- Theatrical release poster
- French: Nous irons tous au paradis
- Directed by: Yves Robert
- Screenplay by: Jean-Loup Dabadie; Yves Robert;
- Dialogue by: Jean-Loup Dabadie
- Produced by: Alain Poiré; Yves Robert;
- Starring: Jean Rochefort; Claude Brasseur; Guy Bedos; Victor Lanoux; Danièle Delorme;
- Cinematography: René Mathelin
- Edited by: Pierre Gillette
- Music by: Vladimir Cosma
- Production companies: La Guéville; Gaumont International;
- Distributed by: Gaumont Distribution
- Release date: 9 November 1977;
- Running time: 110 minutes
- Country: France
- Language: French
- Box office: $13.5 million

= Pardon Mon Affaire, Too! =

1977 film by Yves Robert

Pardon Mon Affaire, Too! (Nous irons tous au paradis) is a 1977 French romantic comedy film co-written and directed by Yves Robert.
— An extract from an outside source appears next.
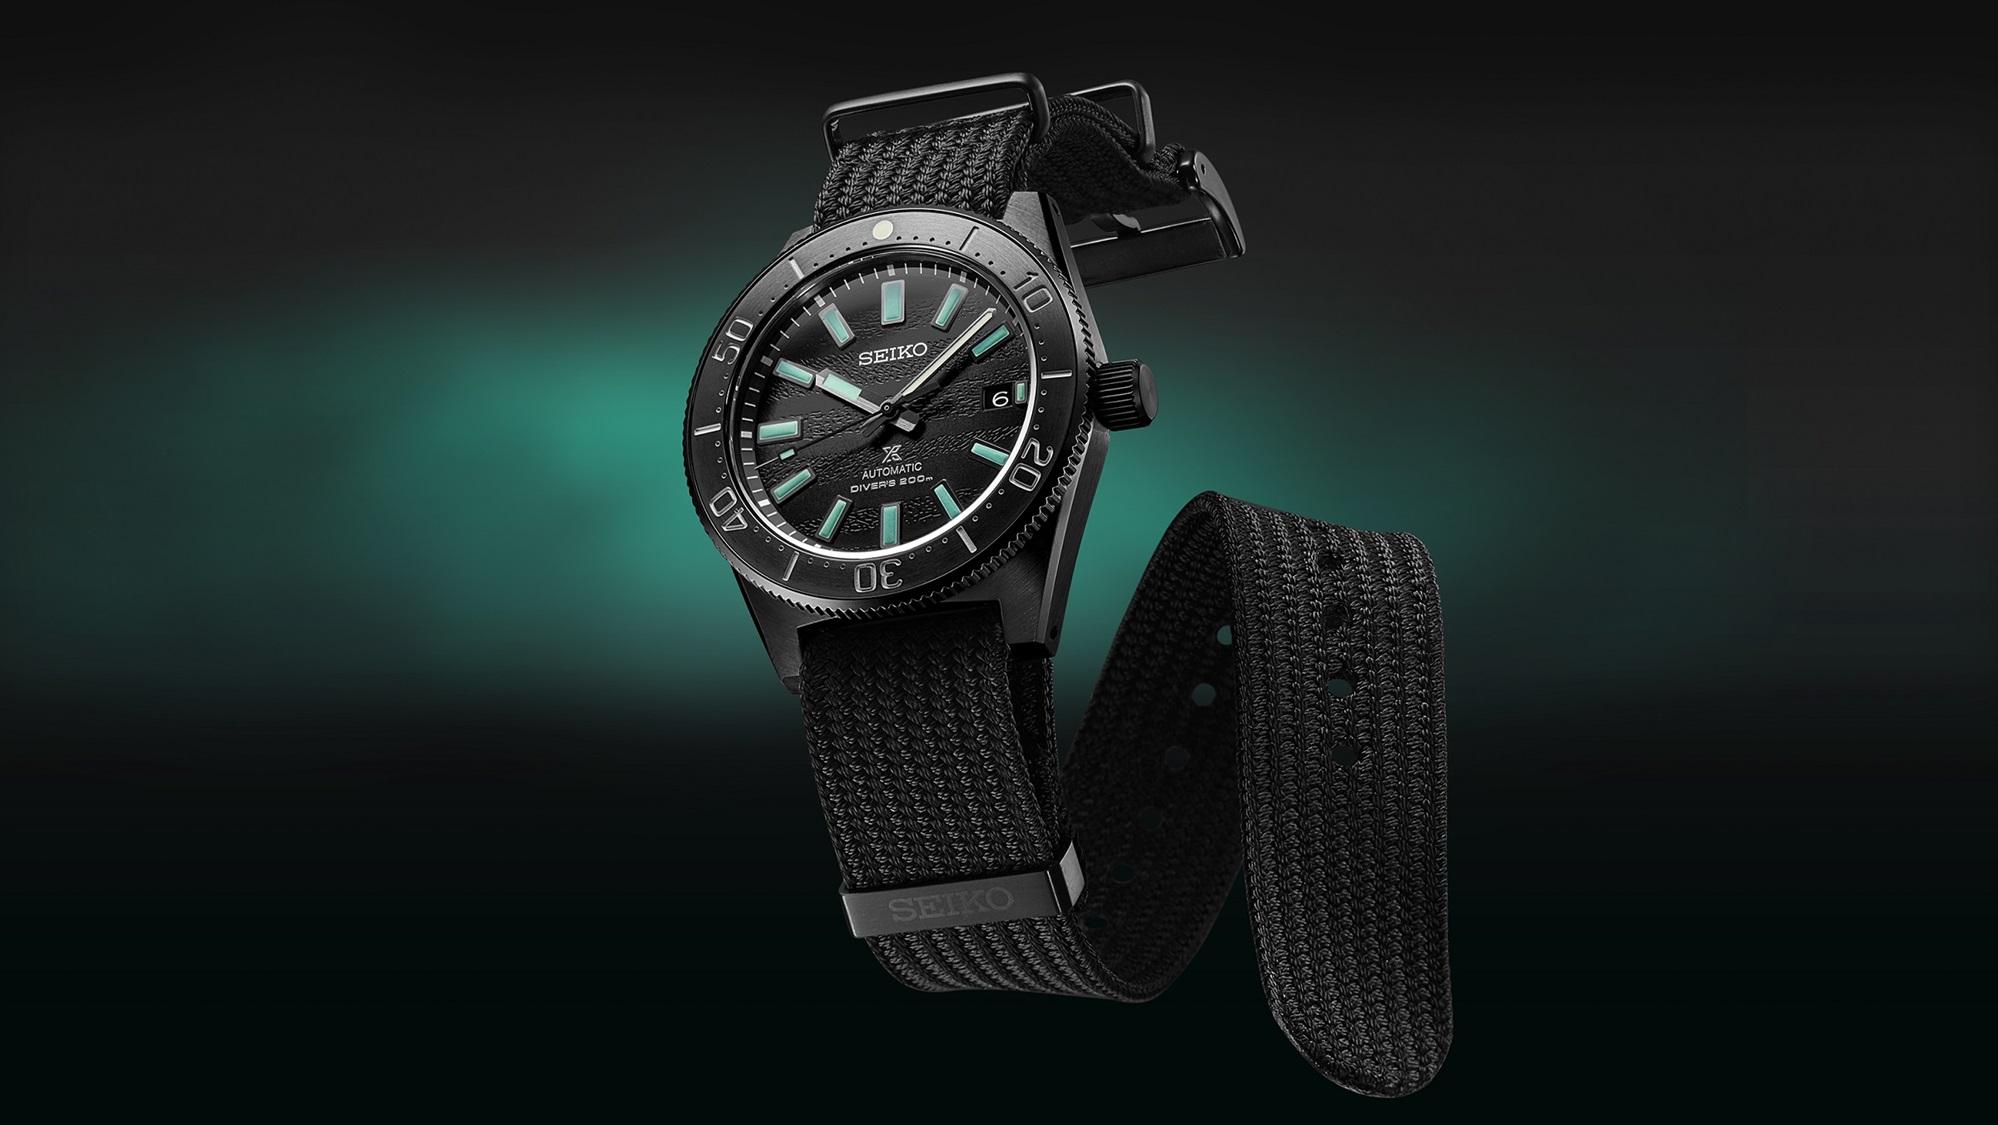 Relógio de mergulho preto com detalhes com a tinta luminescente verde-água Green Lumibright Pro. Seiko Prospex SLA067J1, edição limitada The Black Series, conceito Night Vision, reinterpretação moderna do Diver's de 1965 com bracelete têxtil.

It is a sequel to Pardon Mon Affaire (1976). Jean Rochefort, Claude Brasseur, Guy Bedos, Victor Lanoux and Danièle Delorme reprise their roles from the first film.

==Plot==
Having fortuitously discovered a photograph in which Marthe embraces someone unknown, clothed with a chequed jacket, Étienne Dorsay becomes jealous, and imagines various stratagems to identify the lover.

In the meantime, Étienne and his friends acquire a weekend house for a very low price.

As in the previous work, the film is largely narrated by the character Étienne, whose tone shifts with the reality of the images.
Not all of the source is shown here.